• _TASK BRIEF_:
An exact copy is needed of the lines from the one that contains "Mozart, WA - Piano" through the final line of the data below, with pictures left out.
(DATA EXTRACT Opens)
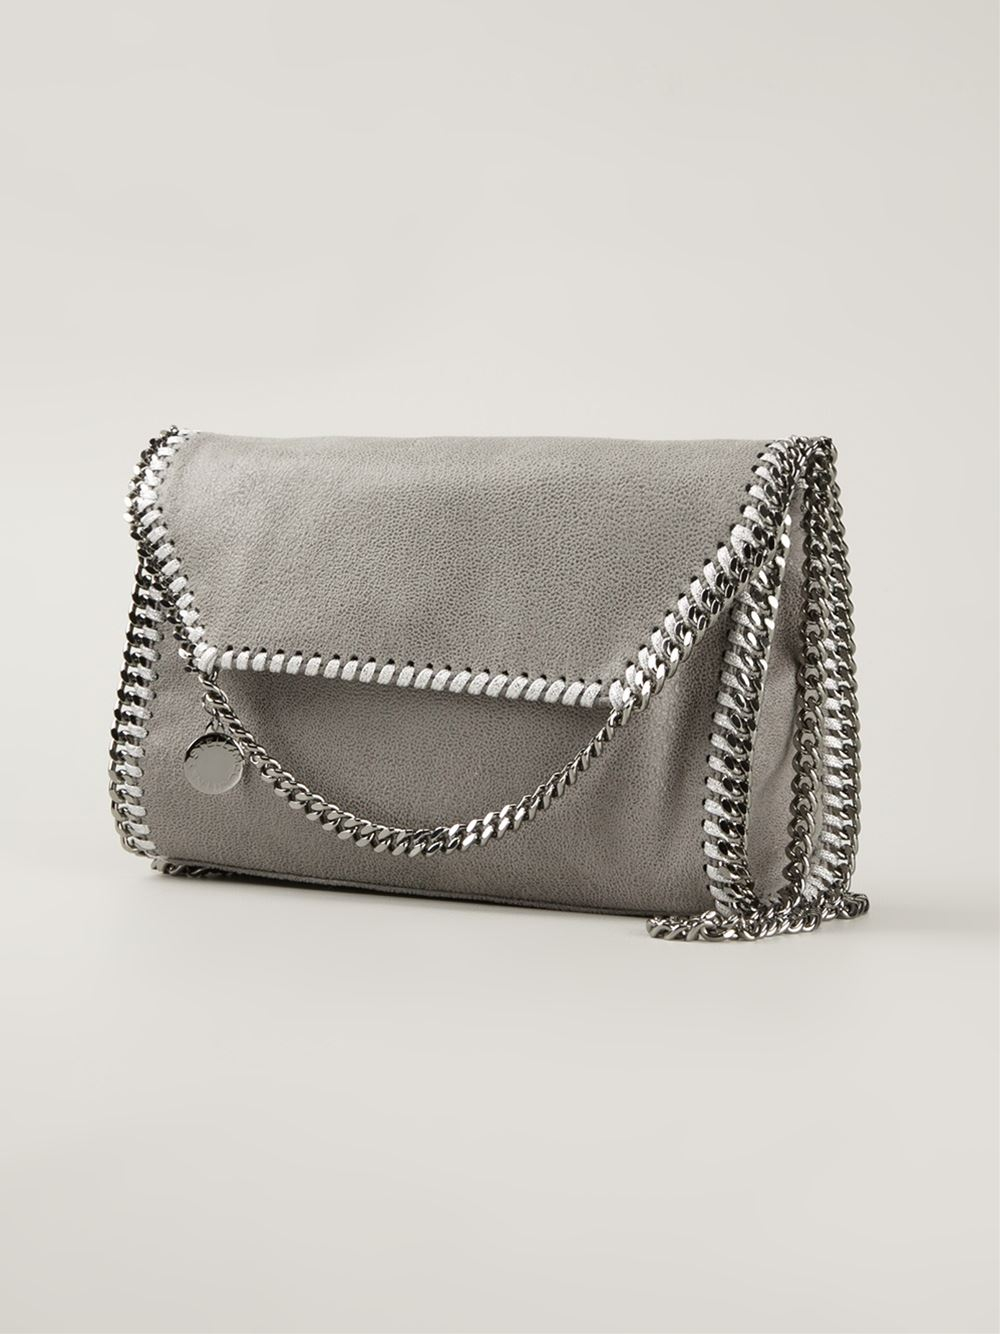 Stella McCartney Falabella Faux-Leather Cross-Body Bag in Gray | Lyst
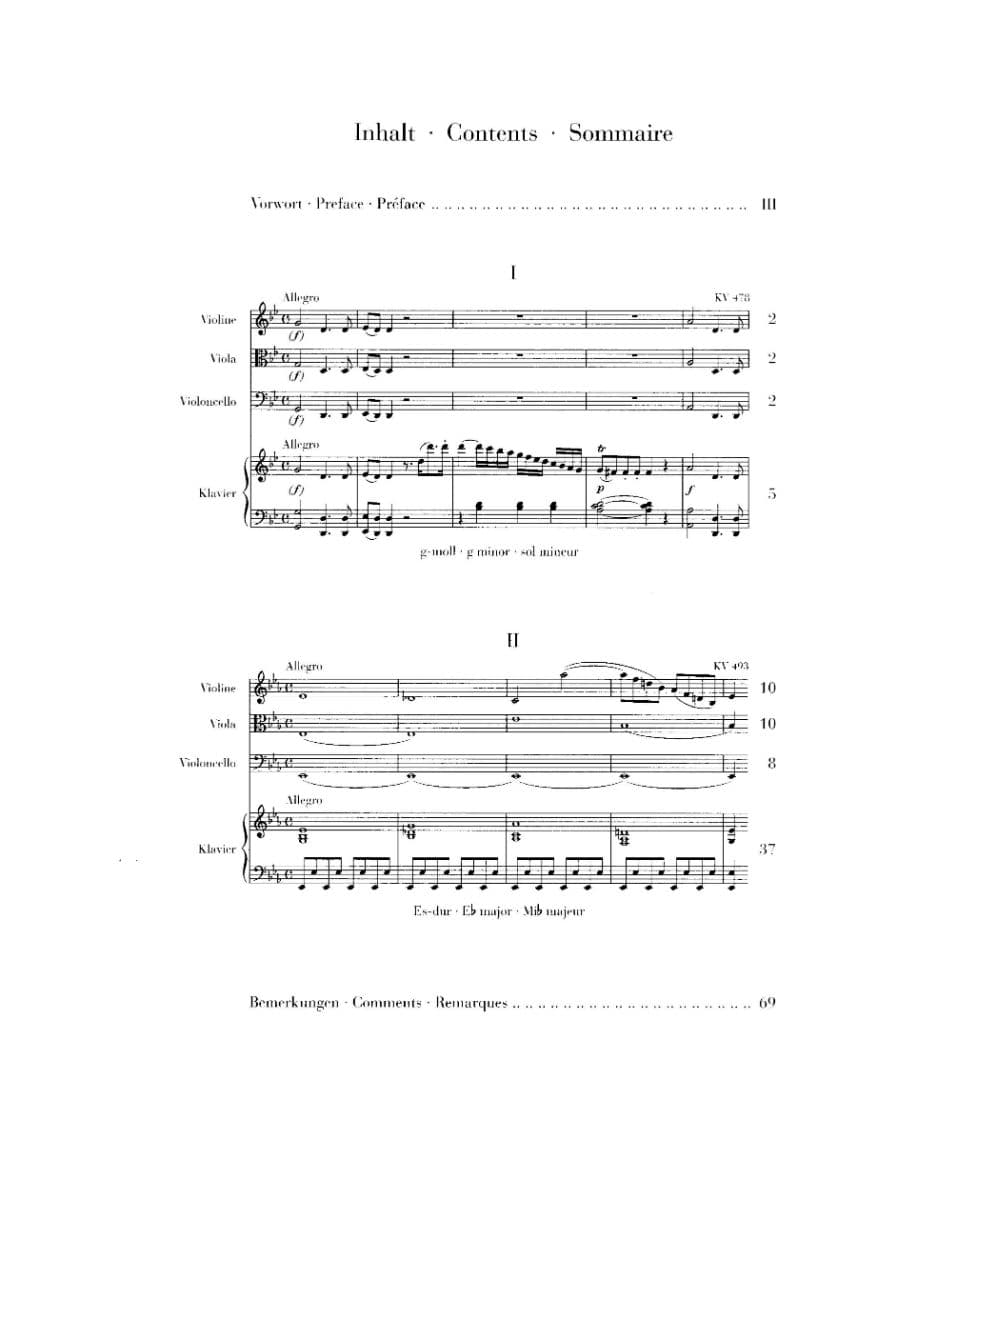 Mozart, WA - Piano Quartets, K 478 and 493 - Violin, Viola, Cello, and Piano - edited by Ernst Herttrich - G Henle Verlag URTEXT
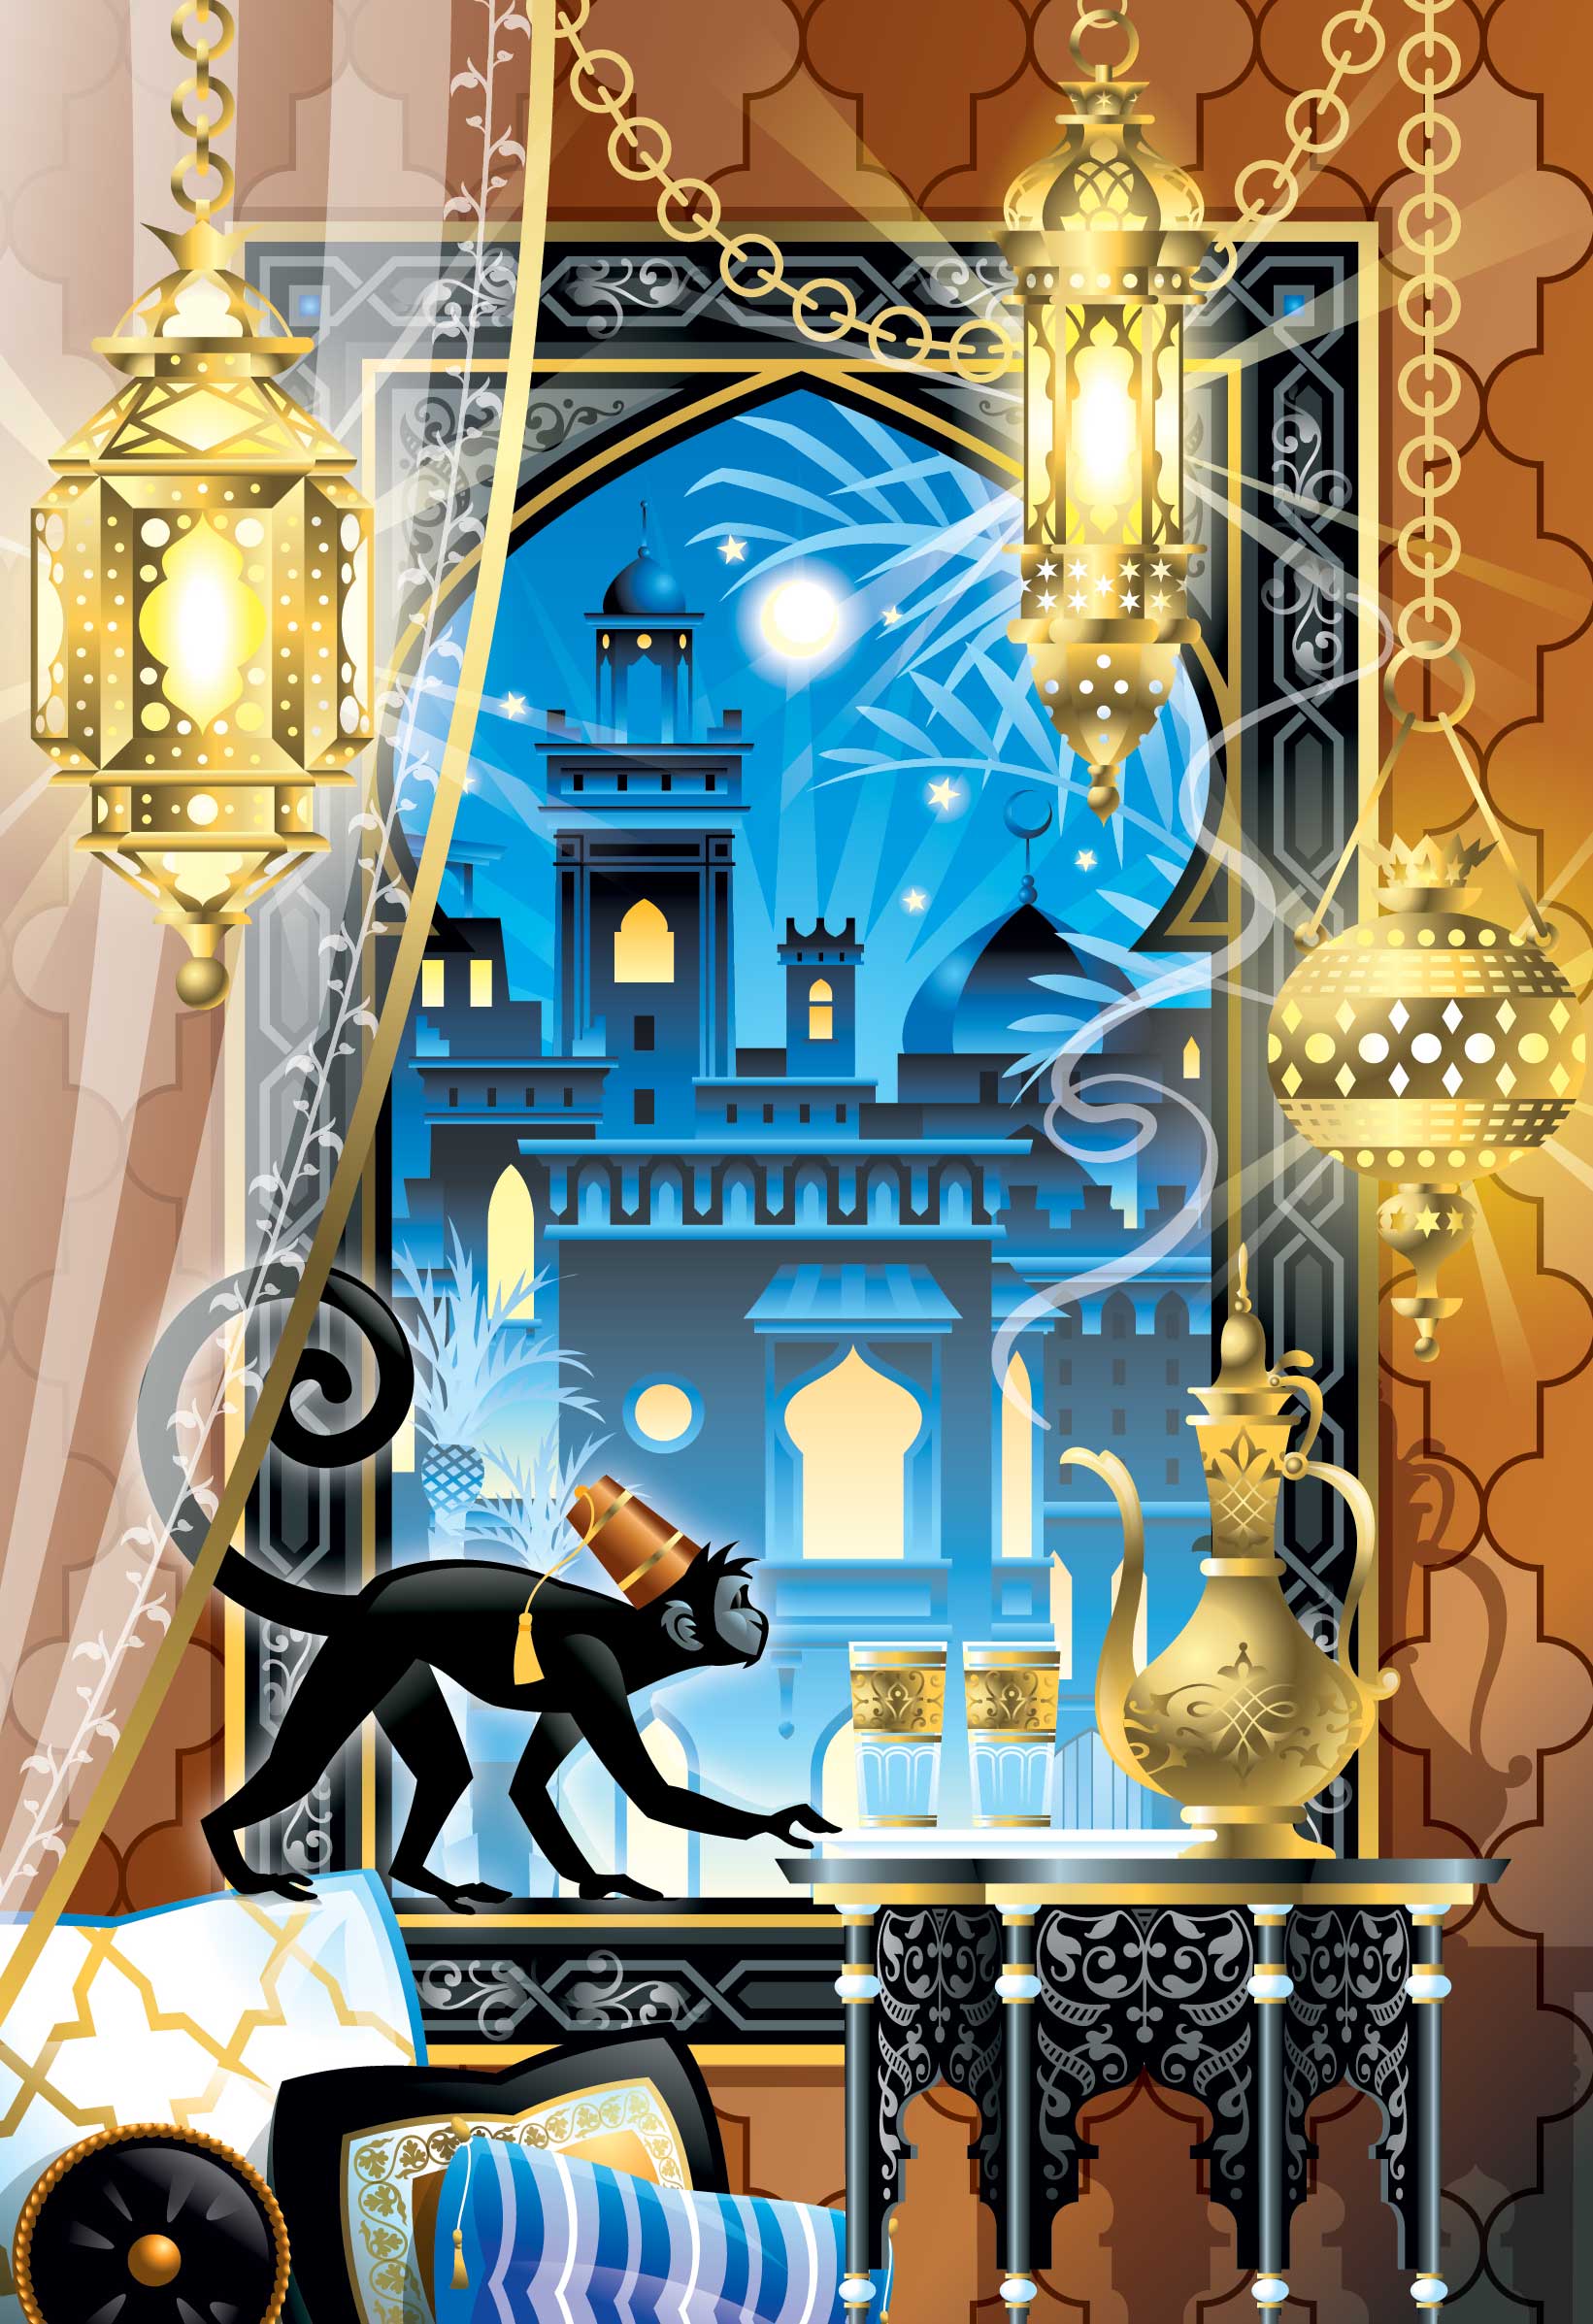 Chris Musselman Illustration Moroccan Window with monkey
(DATA EXTRACT Closes)
• _FINAL ANSWER_:
 Mozart, WA - Piano Quartets, K 478 and 493 - Violin, Viola, Cello, and Piano - edited by Ernst Herttrich - G Henle Verlag URTEXT
 Chris Musselman Illustration Moroccan Window with monkey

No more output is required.